Like many past pandemics and market crashes, the question of real estate value and availability comes to the forefront. The future is unclear for many as they reevaluate operating funds, operational capacity, and their current status. For some, telecommuting has worked in their favor and the decision to move to it permanently is in contemplation, for others, maintaining a brick and mortar location is no longer feasible with the hit they have taken. The steady supply and demand of commercial locations is in limbo, leading to plenty of what ifs. For some it would be a matter of weighing the number of employees they have against the space they have, whether six feet separation and one-way directional aisles is feasible on top of the regular rents in comparison to their current profit margins. If it becomes a question of moving to telecommuting, it would be the cost of the equipment and software needed to kit out their employees against the profit margins.  Should this become the chosen option of the many, commercial real estate supplies are going to soar with the diminished need. If a company has a large commercially leased space, but are only allowed to operate at twenty-five percent capacity, it becomes a balancing act of the known versus the unknown, traditionality versus current times. To operate at the reduced workforce and with any changes that would need to be made, it may be more reasonable to continue with telecommuting.  In respect to smaller companies, industry dependent, some may find telecommuting to be a choice they have to make as well. With multimillion-dollar companies like Facebook™ announcing that they’re considering moving fifty percent of their workforce to telecommuting, one must consider the smaller companies and how this pandemic has affected and will continue to affect them. Would they be able to continue in a storefront or office space if they’re drastically restricted on how many customers and clients they could see, particularly in peak seasons like the upcoming summer? If they are in the position to create a backup online presence or to have employees telecommute where they can serve without limitation, would this be something for any company, no matter the size, to consider?
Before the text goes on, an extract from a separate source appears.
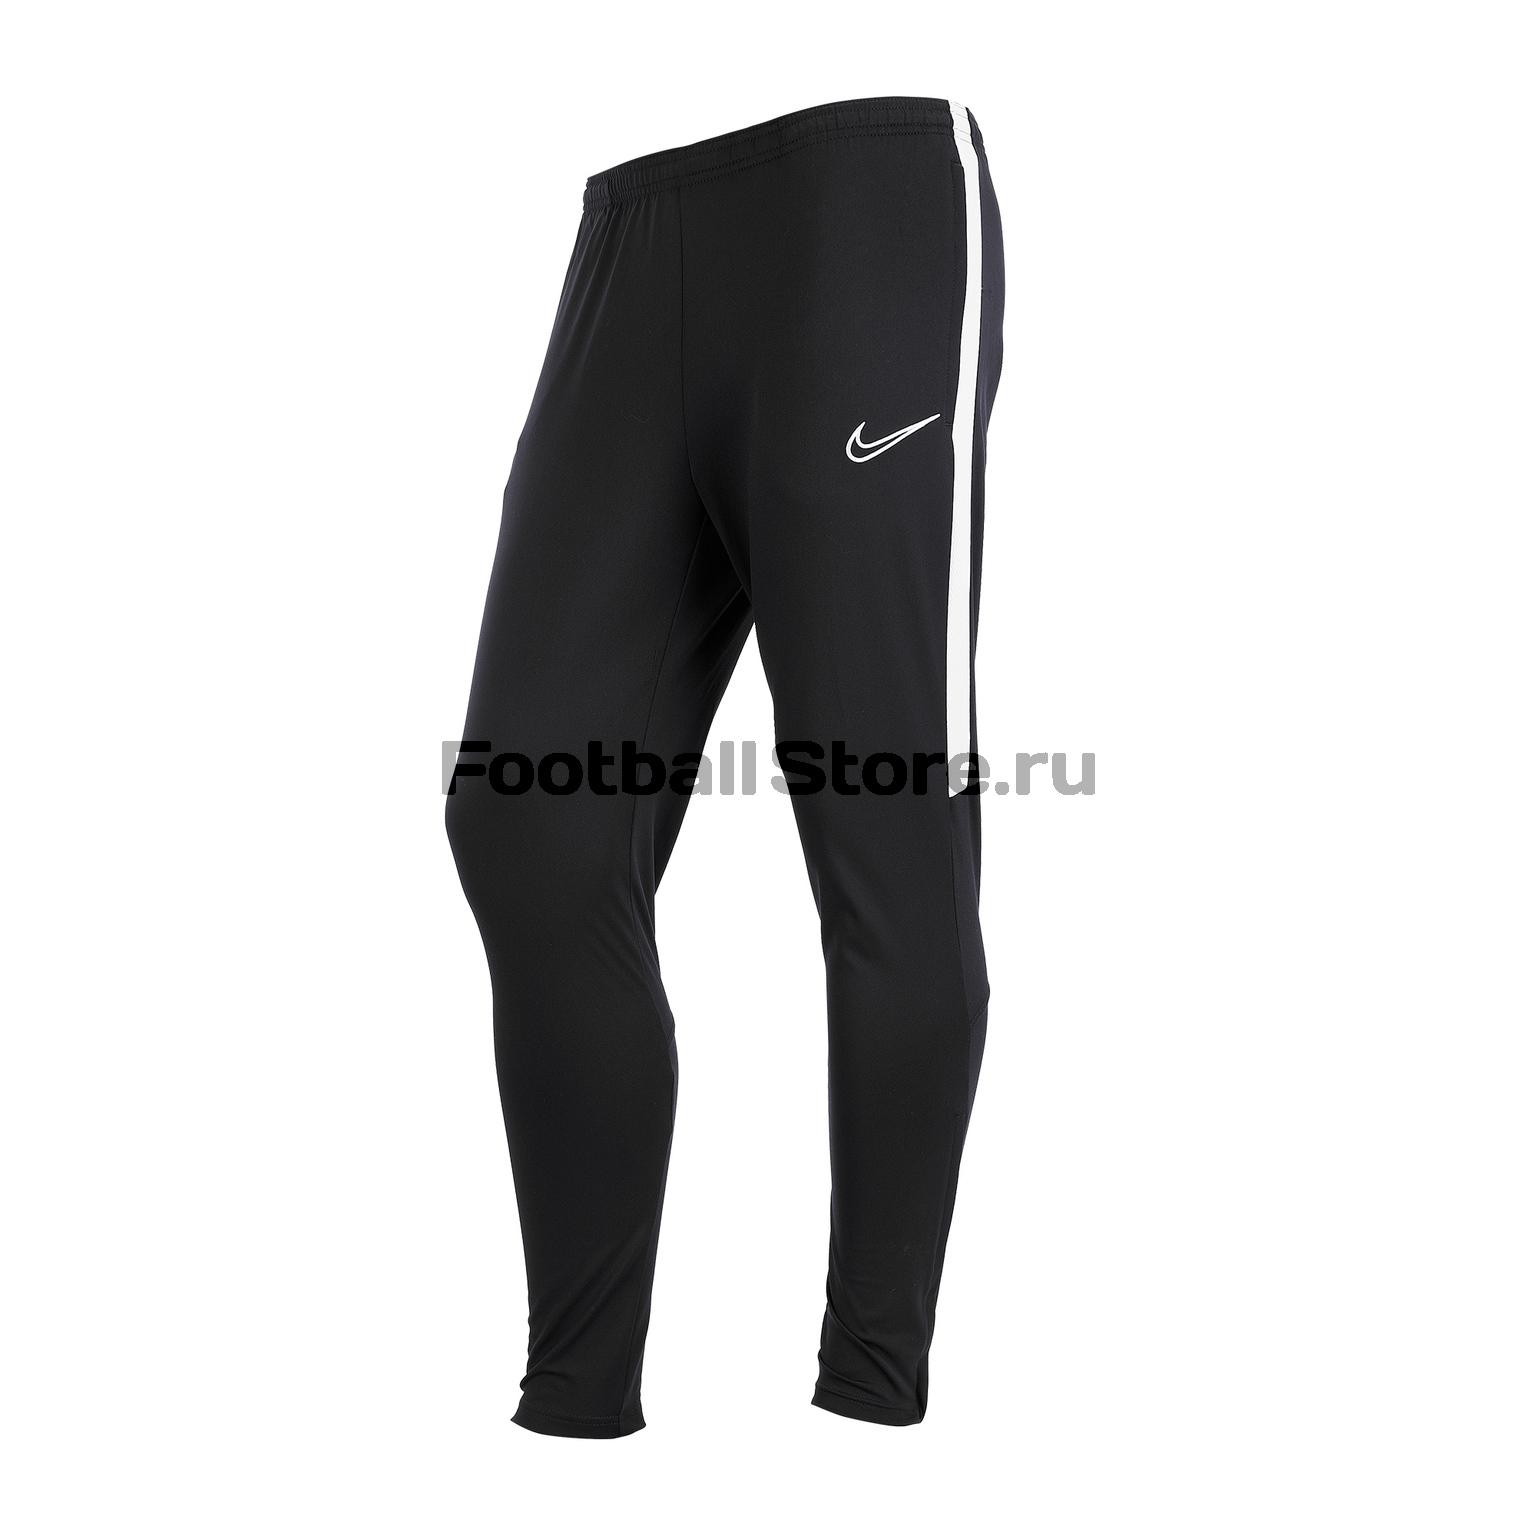 Брюки тренировочные Nike Dry Academy19 Pant AJ9181-010 nike nike found 12 poly pant boys 476747 010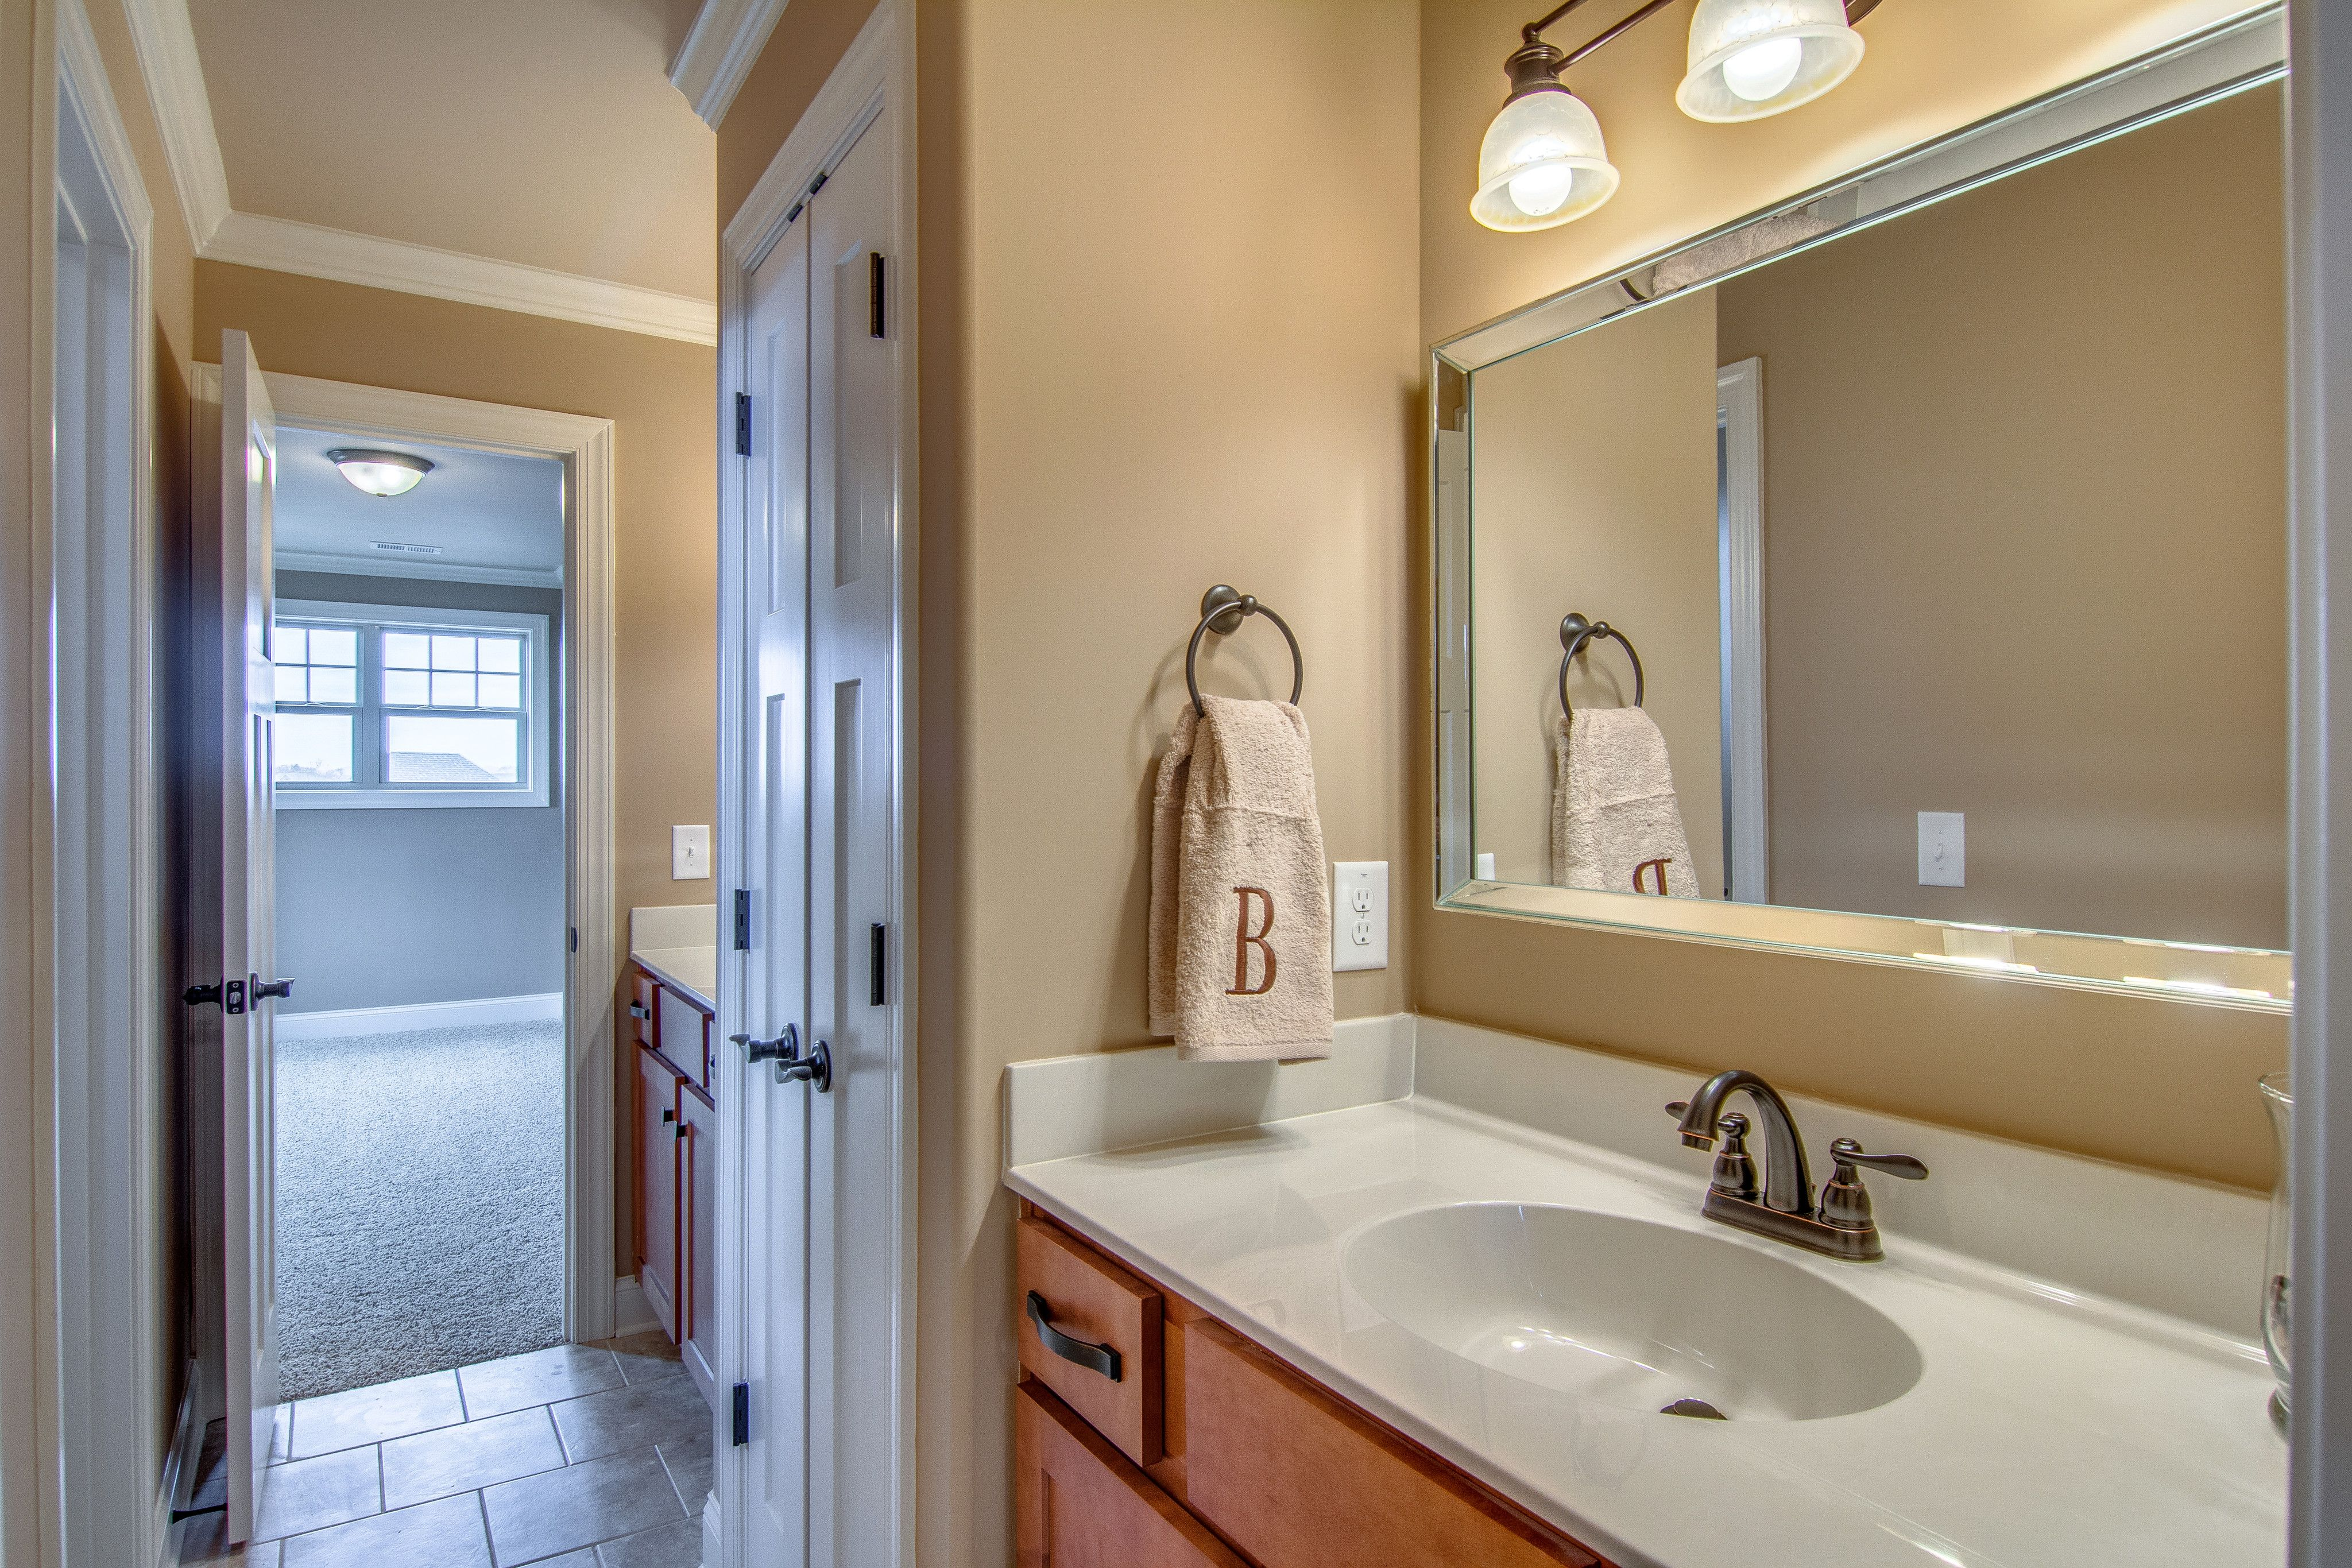 Jack jill bathroom in between bedroom 1 2 upstairs w for Jack and jill closet design

Moving the office to an individual’s home can broach questions of tracking productivity and professionalism. Like with working from location as opposed to remotely, an employee would be required to track their hours and their breaks. While the daily dress code may not be as strict, it would be easy to set a ‘dress code’ in the COVID/telecommuting policy book handling visual interaction between employees and clients during video conferencing. As for productivity, an employee that doesn’t spend hours a week commuting to and from the office is likely to increase their work product as they take advantage of that extra time. With school being done via distance learning, another concern is how telecommuting would work in a household with children. State plans to move forward with the opening of childcare centers and programs would allow for the care of the children while the parents work.

Given that telecommuting is considered working from a remote location, all aspects of the American’s with Disabilities Act would continue to be applicable. So long as the accommodations are not unreasonably burdensome, employers must comply and provide for their employees. In telecommuting, that could mean providing specialized software or office equipment. To not do so could result in potential claims and investigations of the employer and fines.

As with anything else in the current state of affairs employment and the future of the brick and mortar office are up in the air, forcing all parties to face an unprecedented learning curve. It will be hard work and stumbling, but together, we as a state and community will move forward.